In April 2015, Illustrator Sally Nixon challenged herself to create one illustration every day for a whole year. The 365-day drawing challenge pushed Nixon to get back to the basics and search for inspiration in her own life and the mundane moments of day-to-day life. The result was a series of refreshing relatable drawings capturing the essence of real women, engrossed in routine tasks like eating toast, brushing their teeth, watching TV, etc. Without the male gaze, a camera, or social media watching their every move, Nixon's muses found peace and solace in the humdrum of their own lives.



 

"This series was part of a 365-day drawing challenge that I started. Making a complete drawing every day means you have to come up with new subjects every day and that can be difficult sometimes. So I looked for inspiration everywhere I could. I'd be in the shower, brushing my teeth, and think 'Okay, this is what I'm drawing today.' I grew to really love illustrating otherwise mundane or routine moments.
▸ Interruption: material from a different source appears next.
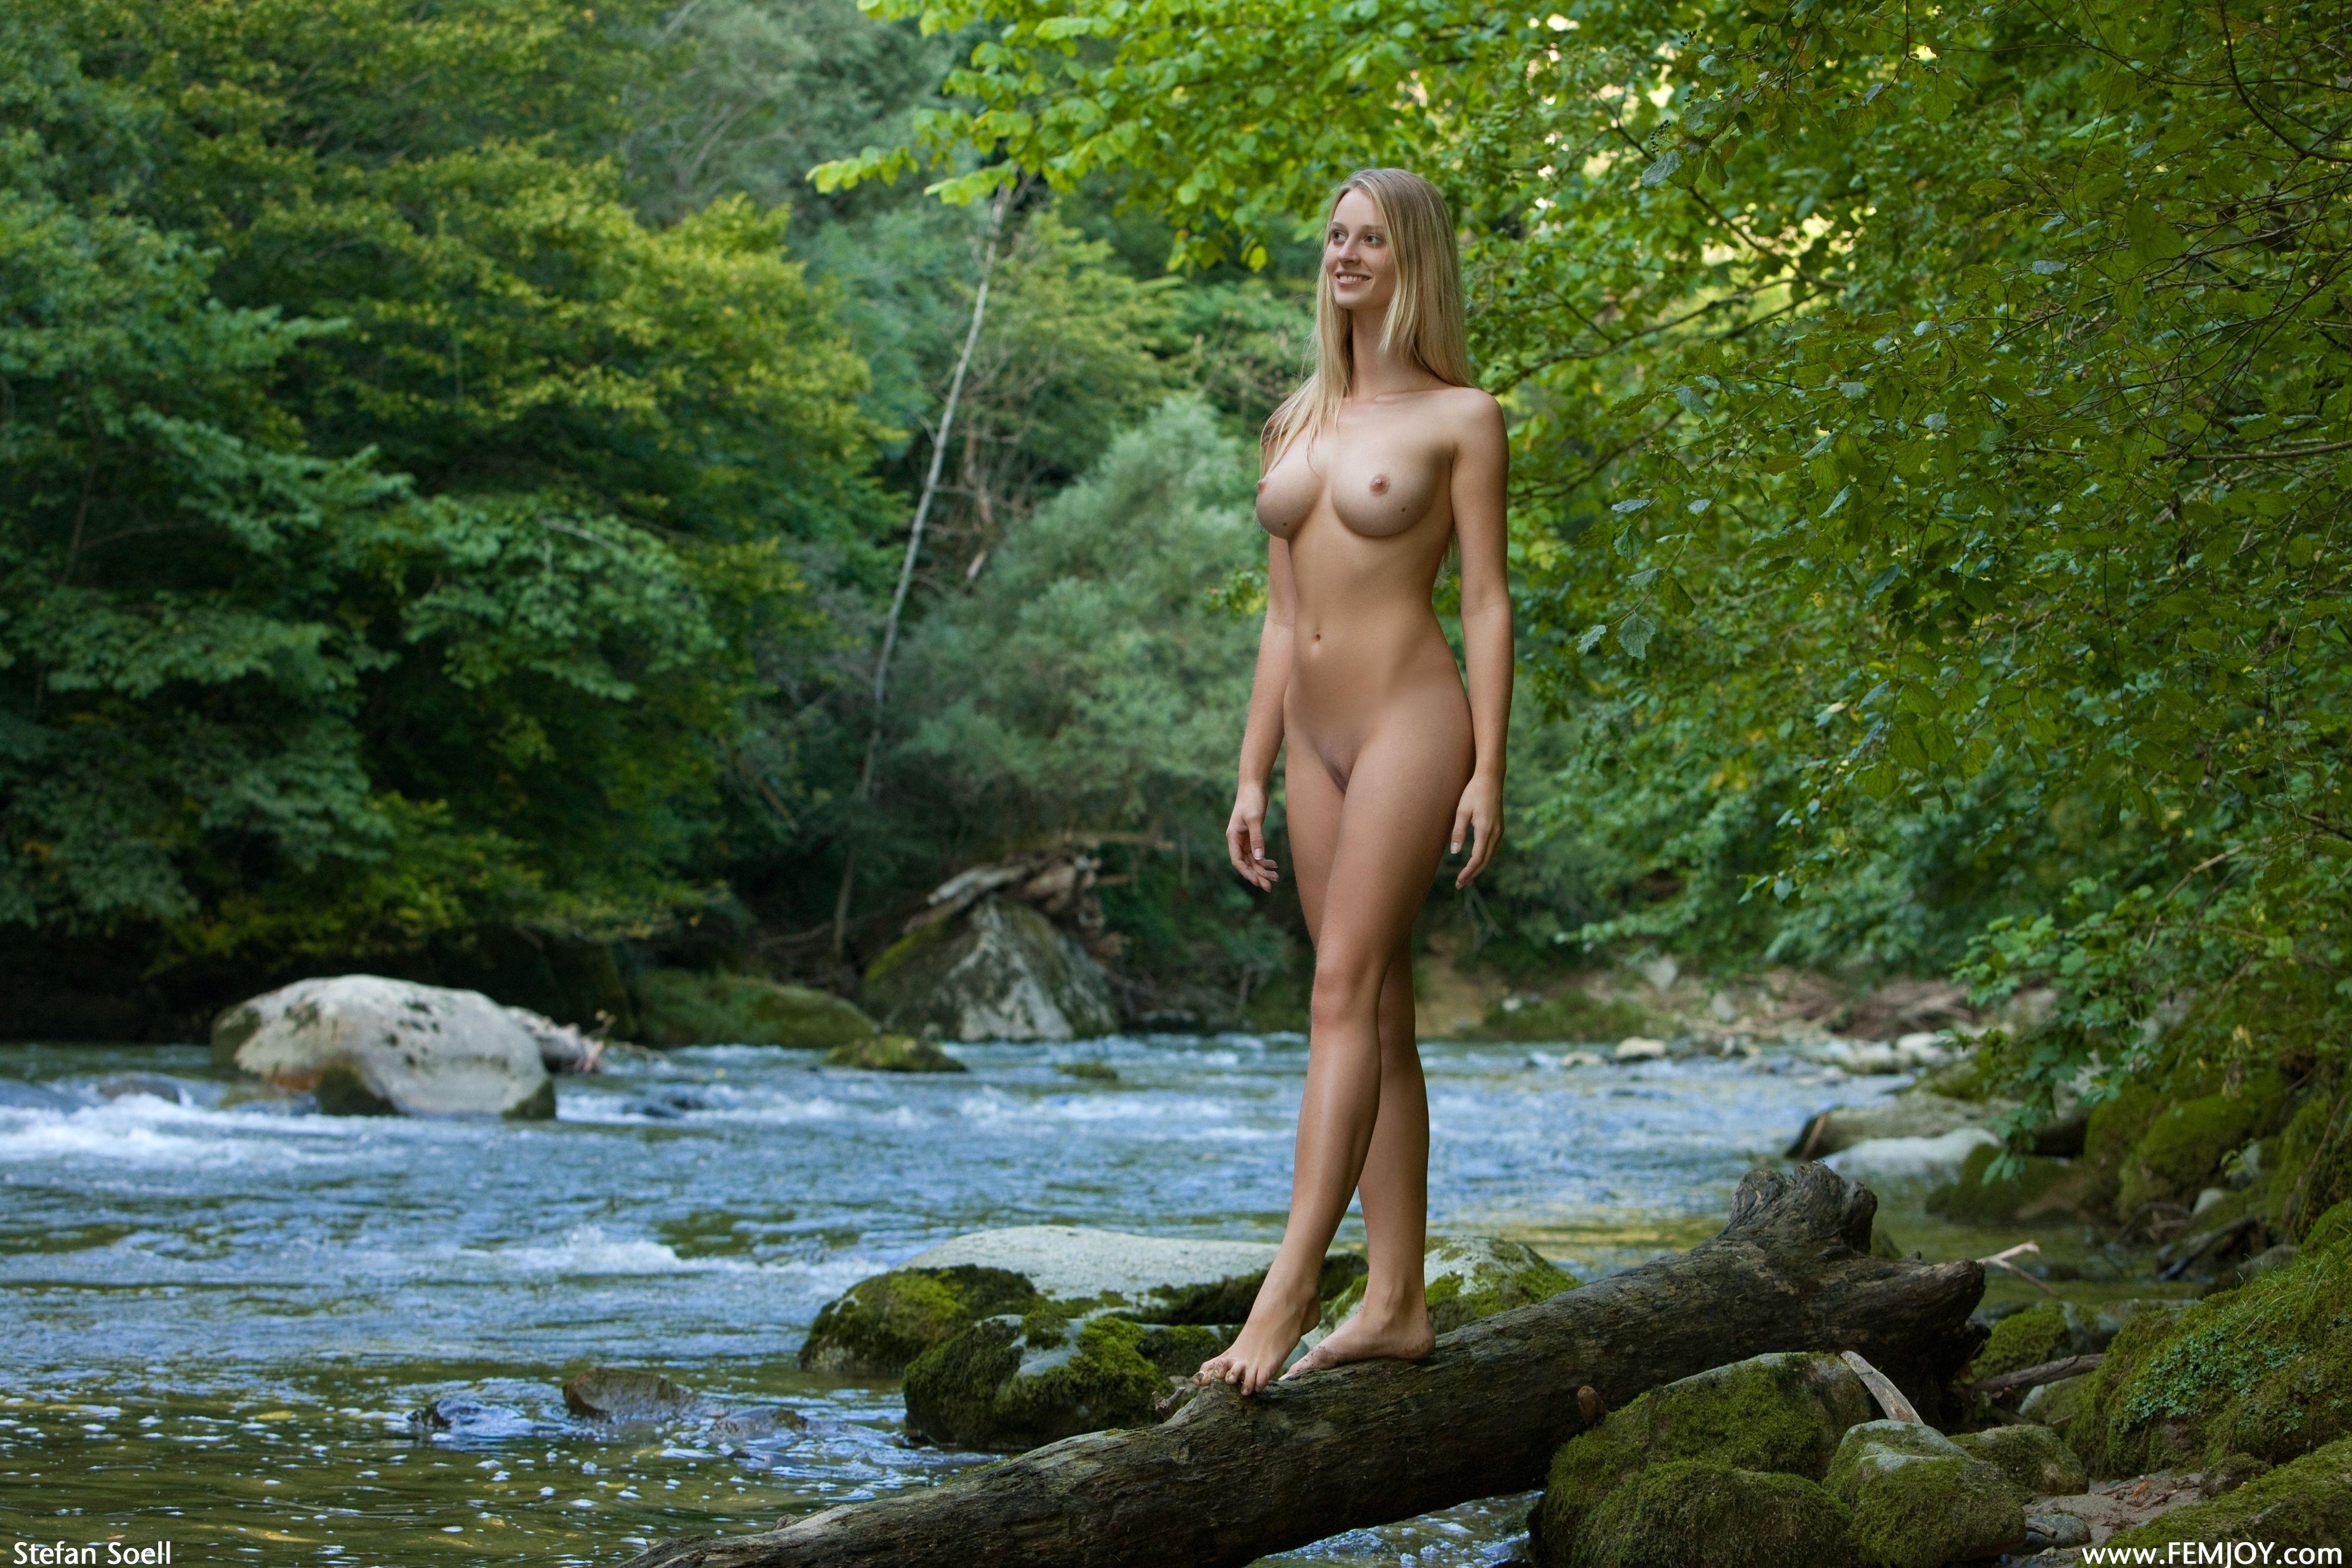 Wallpaper Carisha, Blonde, Sexy Girl, Nude, Naked, Legs -2280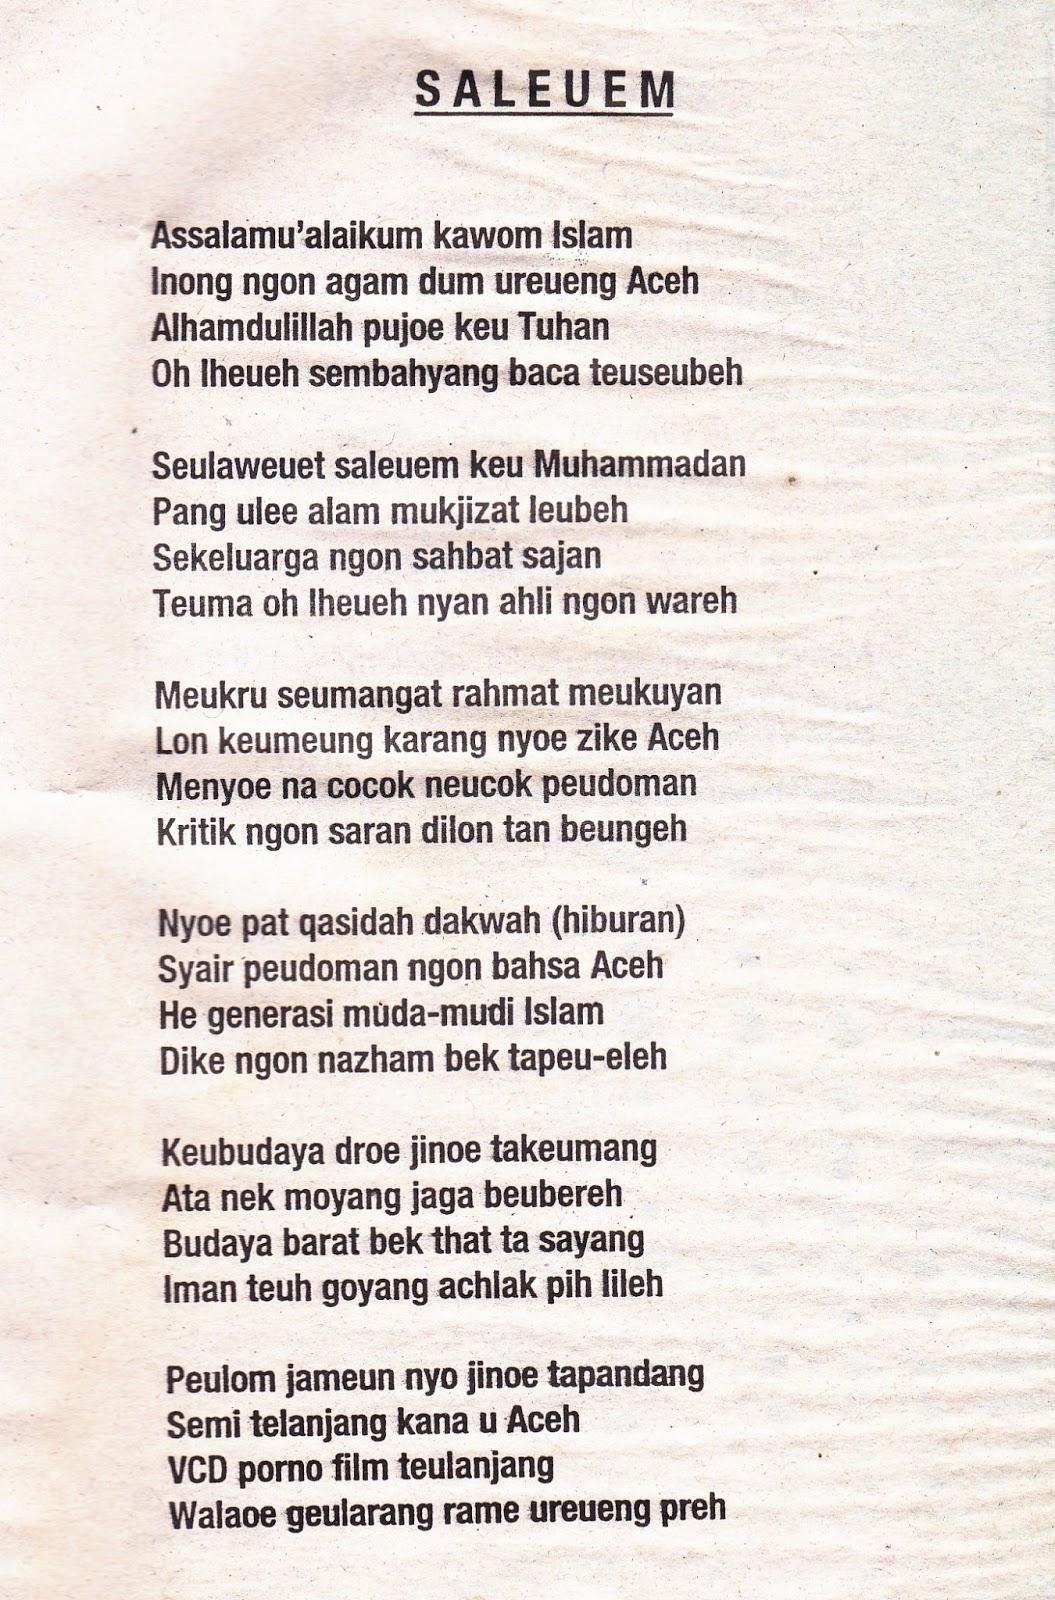 Lirik Lagu Assubhubada : lirik, assubhubada, Lirik, Assubhubada

It's fun to take the ordinary and make it beautiful," the artist told journalist TL Andrews in 2016. "The scenes usually come from my own life and routine."



 

"Everyday objects and situations inspire me. For example, sometimes I'll challenge myself to take a mundane object, like a microwave or a couch, and make it beautiful. So I'll draw it in a certain context to tell a story," she explained. When asked why the series doesn't include any scenes with men in them, Nixon said: "It wasn't on purpose that I didn't include men. I just prefer to draw women because 1) I am a woman so I have plenty of reference material and 2) women are prettier than men. I'm not opposed to including men in future drawings, but this series was more focused on women's relationships with themselves and with other women."